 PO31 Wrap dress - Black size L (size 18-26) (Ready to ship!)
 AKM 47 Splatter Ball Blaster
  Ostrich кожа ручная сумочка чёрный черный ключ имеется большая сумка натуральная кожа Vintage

* * *

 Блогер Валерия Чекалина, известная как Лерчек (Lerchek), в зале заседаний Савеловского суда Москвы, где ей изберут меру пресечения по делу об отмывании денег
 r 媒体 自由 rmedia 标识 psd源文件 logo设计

### TASK BRIEF
Write out exactly the lines above from the line with "Блогер Валерия Чекалина, известная" through the line with "r 媒体 自由 rmedia 标识 psd源文件 logo设计", both of them included, and leave out all other lines.

### EXPECTED ANSWER
 Блогер Валерия Чекалина, известная как Лерчек (Lerchek), в зале заседаний Савеловского суда Москвы, где ей изберут меру пресечения по делу об отмывании денег
 r 媒体 自由 rmedia 标识 psd源文件 logo设计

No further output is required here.